Business Central Server instance setup

The Business Central Server instance must be configured to allow claims based authentication. You can do this by using the Business Central Server Administration tool, the Set-NAVServerConfiguration cmdlet in the Business Central Administration Shell, or by modifying the server instance's CustomSettings.config file directly.

Set the Credential Type (ClientServicesCredentialType) to NavUserPassword or AccessControlService.
- If you set this to NavUserPassword, client users can use either NavUserPassword or claims based authentication to access Business Central. The CustomSettings.config file should include the following line:
```
<add key="ClientServicesCredentialType" value="NavUserPassword"/>
```
- If you set this to AccessControlService, only clients that use claims based authentication will be allowed to access Business Central. The CustomSettings.config file should include the following line:
```
<add key="ClientServicesCredentialType" value="AccessControlService"/>
```
Set the WS-Federation Metadata Location (ClientServicesFederationMetadataLocation) to the URL that defines the federation metadata XML document for your AD FS. The URL has the following format:
```
https://<Public URL for AD FS server>/federationmetadata/2007-06/federationmetadata.xml
```
Replace <Public URL for AD FS server> with the URL for your installation.

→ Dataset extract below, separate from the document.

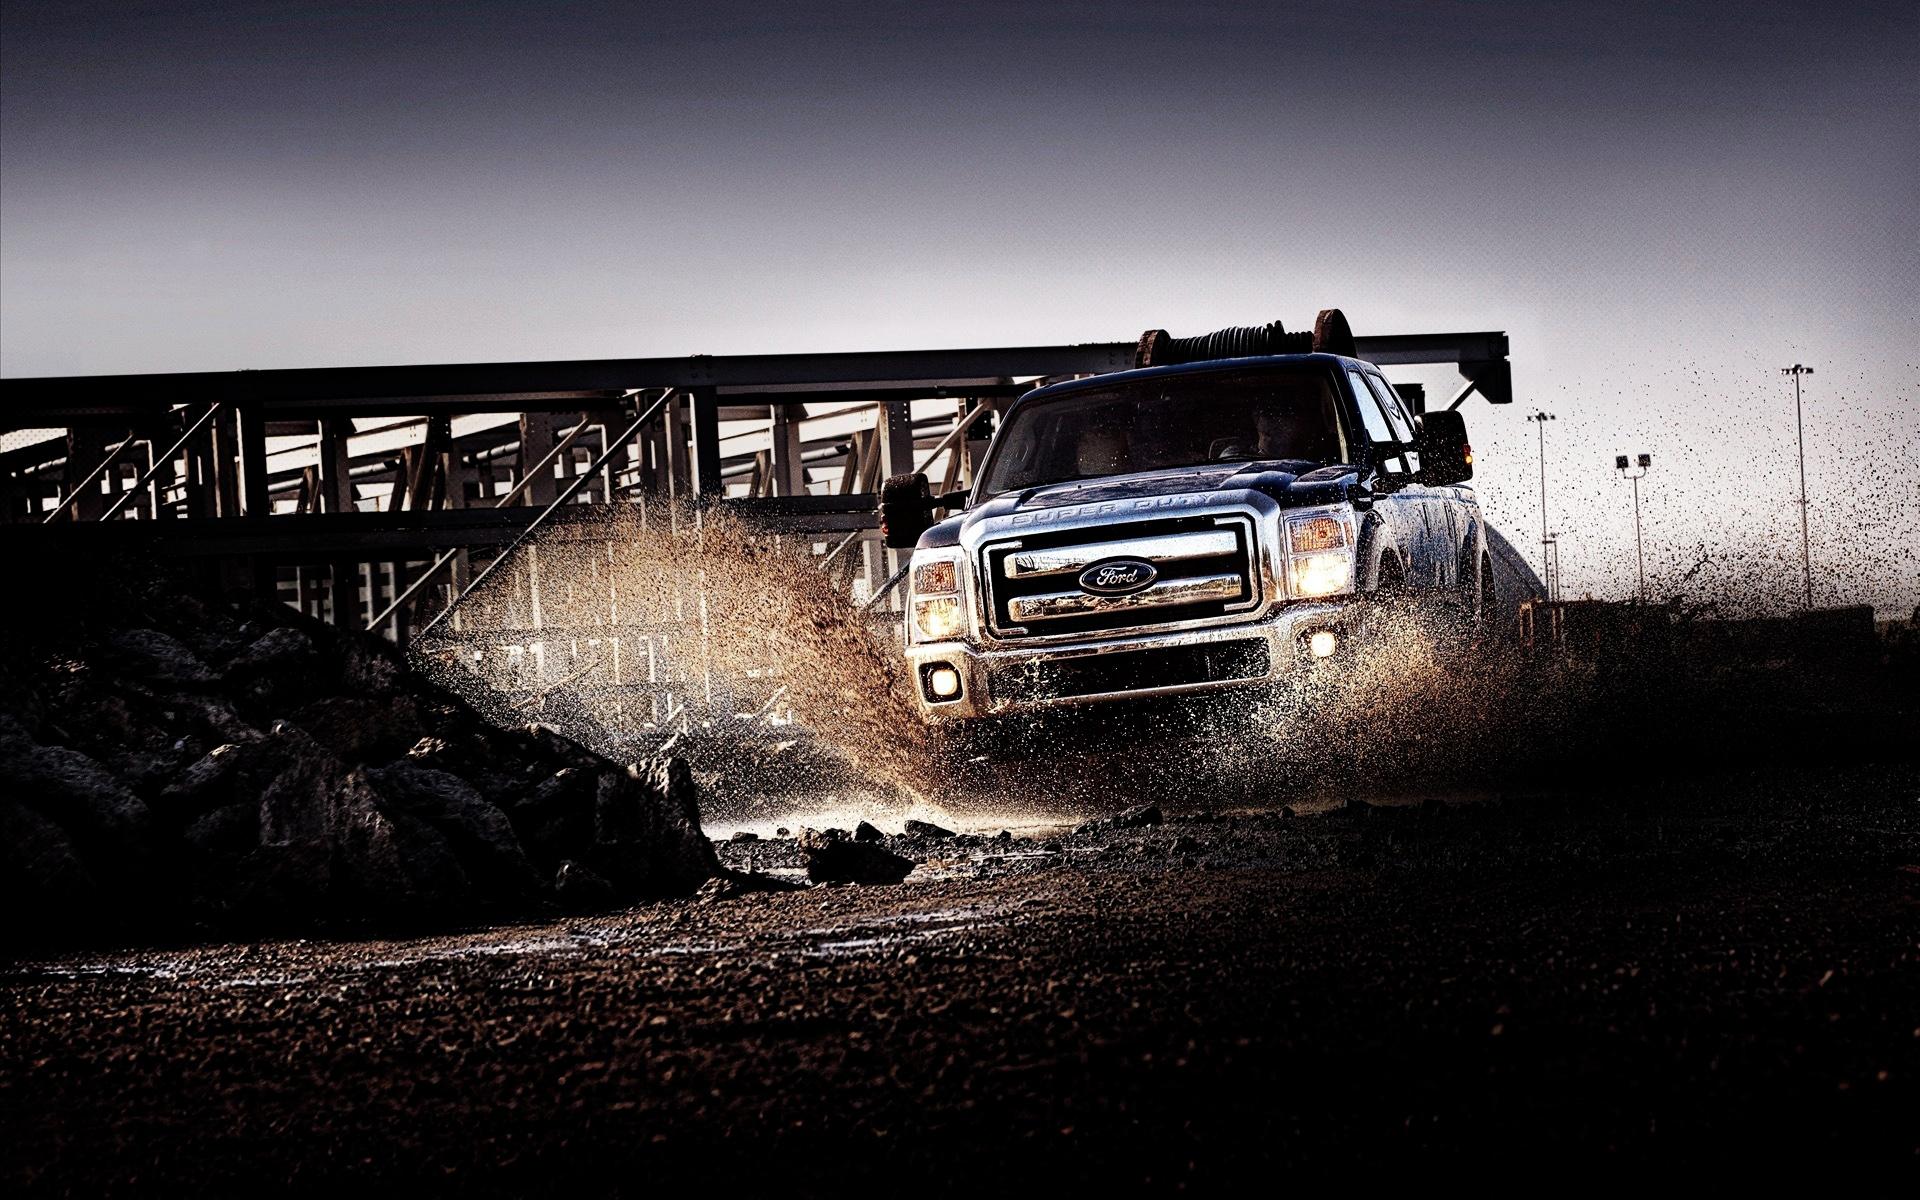 35842 Hintergrundbild herunterladen Ford, Transport, Auto - Bildschirmschoner und Bilder kostenlos
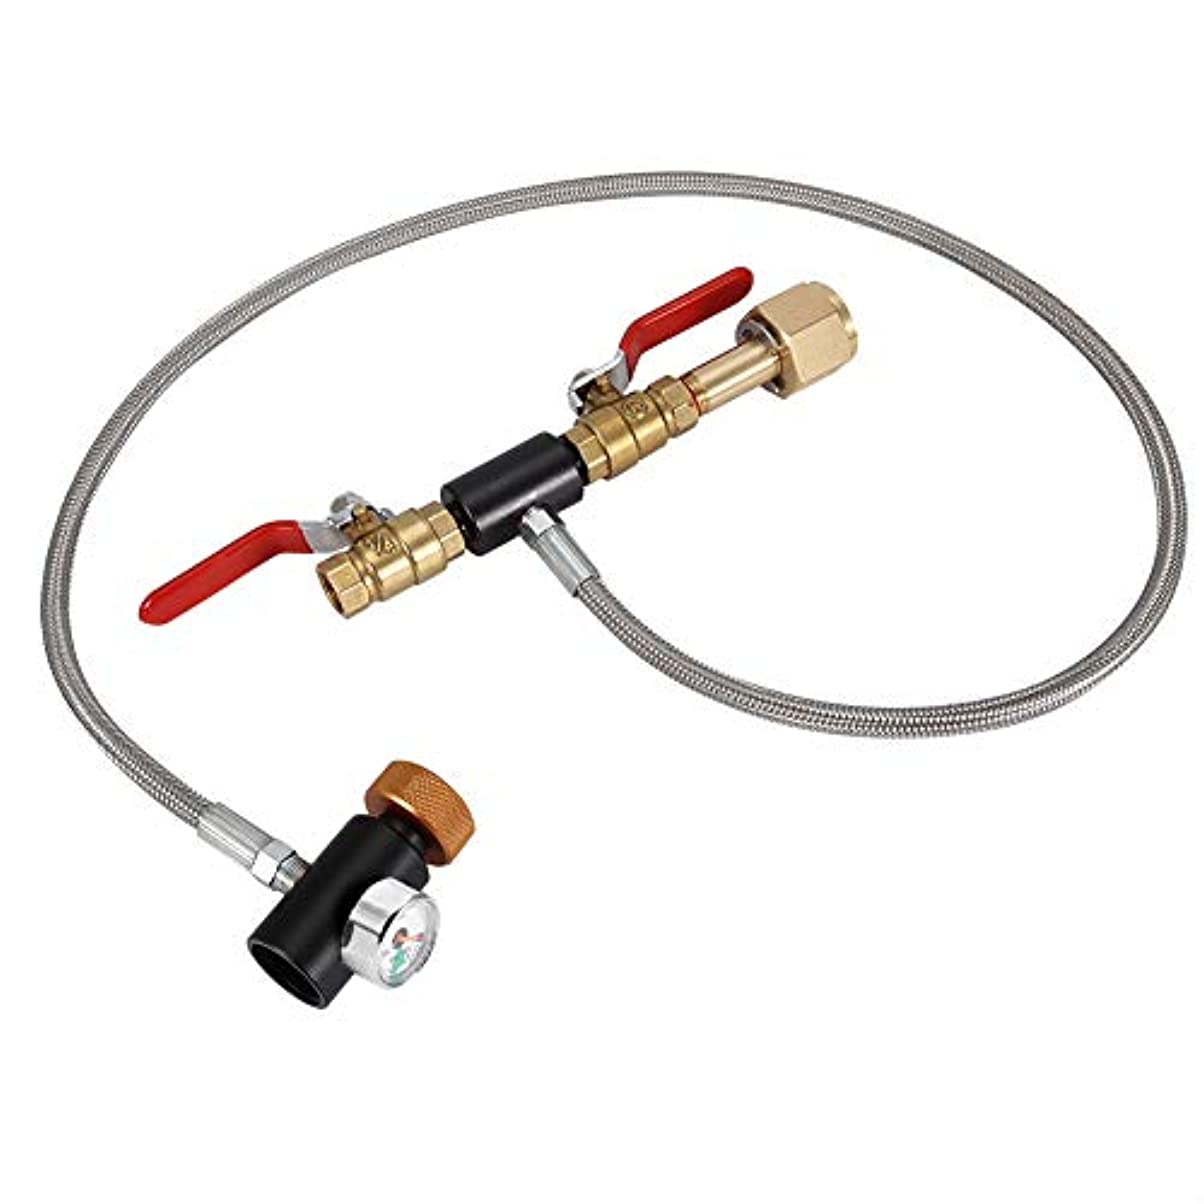 パーセント退院髄充填ソーダストリームタンク用ホース付きG1 / 2 CO2シリンダー詰め替えアダプターボトルコネクタCO2タンクソーダメーカーアクセサリー(36インチゲージ)

For example:
```
https://MyADFSServer/federationmetadata/2007-06/federationmetadata.xml"/>
```
or
```
https://corp.sample.com/federationmetadata/2007-06/federationmetadata.xml
```
Note

This URL must to be accessible from a browser on the computer running the Business Central Server.
For the Business Central Web client, set the WSFederationLoginEndpoint (WSFederationLoginEndpoint) to point to the AD FS login page for authenticating users.
```
https://<Public URL for ADFS server>/adfs/ls/?wa=wsignin1.0%26wtrealm=<Relying party trust identifier>%26wreply=<Business Central Web Client URL>/SignIn" />
```
Replace <Public URL for AD FS server> with the URL for your installation.

Replace <Relying party trust identifier> with the exact value that was specified as the Relying party trust identifier in the earlier task (Set up a Relying Party Trust for the Business Central clients).

Replace <Business Central Web Client URL> with the exact value that was specified for Relying party WS-Federation Passive Control URL field in the Relying Party Trust set up for the client in AD FS. Make sure that the case matches exactly.

For example:
```
https://corp.sample.com/adfs/ls/?wa=wsignin1.0%26wtrealm=https://bcwebclient%26wreply=https://MyWebServer:443/BC130/SignIn
```
or
```
https://corp.sample.com/adfs/ls/?wa=wsignin1.0%26wtrealm=https://bcwebclient%26wreply=https://corp.sample.com/BC130/SignIn
```
For the Dynamics NAV Client connected to Business Central, set the Valid Audiences (ValidAudiences) to the exact value that was specified as the Relying party trust identifier in the earlier task (Set up a Relying Party Trust for the Business Central clients). For example:
```
https://dynamicsnavwindowsclient
```
Restart the Business Central Server instance.

Tip

You can use the Set-NAVServerInstance cmdlet to restart the service instance.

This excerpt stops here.